The above examples give us a clear idea about how to account for various items in the financial statement by following the prudence concept in a transparent manner, which is easy to interpret and use.
Importance
Some points of importance of the financial concept are as follows:
- The prudence concept or conservatism principle is well known and used worldwide. This principle gives the companies a base on which companies could build or prepare their financial statements.
- Prudence principle in accounting ensures that the financial statements present a realistic and fair picture of a company's revenue and liabilities.
- It helps in the minimization of losses.
- It helps in not overestimating as well as not underestimating the financial risk of a company.
- The Prudence concept makes the comparability of financial information possible.
Disadvantages
The concept also has certain disadvantages, which are as given below:
- The prudence concept in accounting doesn’t always necessarily consist of correct facts.
- You cannot apply the prudence concept to cultures that are outside of the IFRS or the GAAP.
- A company may try to create provisions that are not required, resulting in the creation of some private reserves.

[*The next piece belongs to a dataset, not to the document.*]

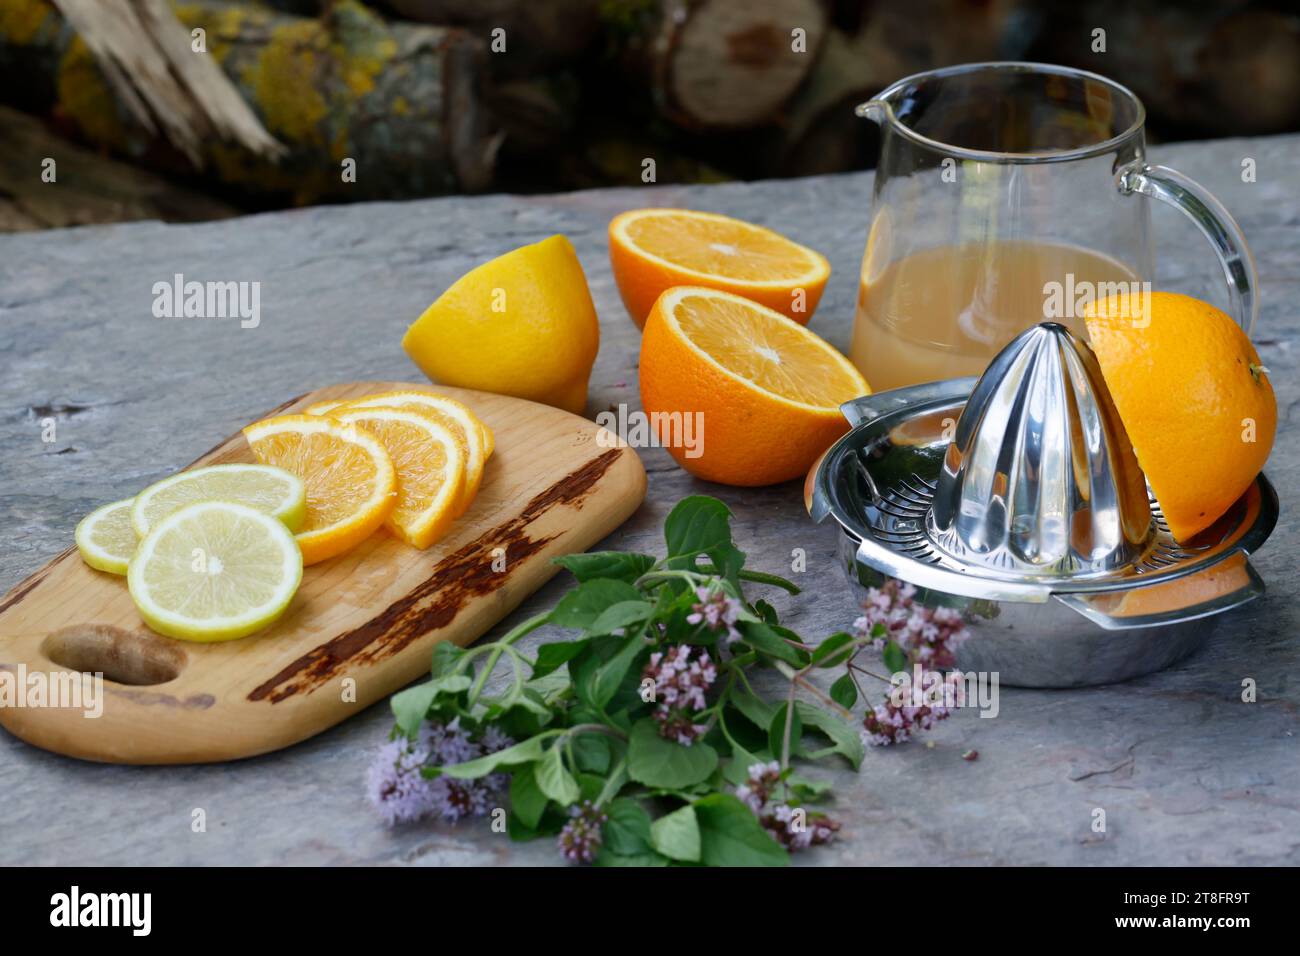 Eistee, Eis-Tee aus Kräutertee gemischt mit Apfelsaft, Saft von Orange, Saft von Zitrone, Iced Tea, Ice Tea Schritt 2: Zutaten - Kräutertee, Apfelsaf Foto Stock

- It lowers the earnings and profits, given the stakeholders the idea that the company is not performing well. This may reduce its value in the market and investors may back away.
- It may impact management decision because they may try to invest in opportunities that look more profitable but is risky. In order to prioritise profits and avoid losses, they may miss good opportunities.
- Since it is not accepted in all accounting standards, there is lack of standardization in financial reporting. Therefore the interpretation and application may vary.
- The concept involves some level of subjectivity which creates possibility of manipulation to meet investor’s expectations.
Thus, it is necessary to understand the advantages and limitation of any financial concept clearly so that they can be applied in the appropriate time and place for maximum value creation.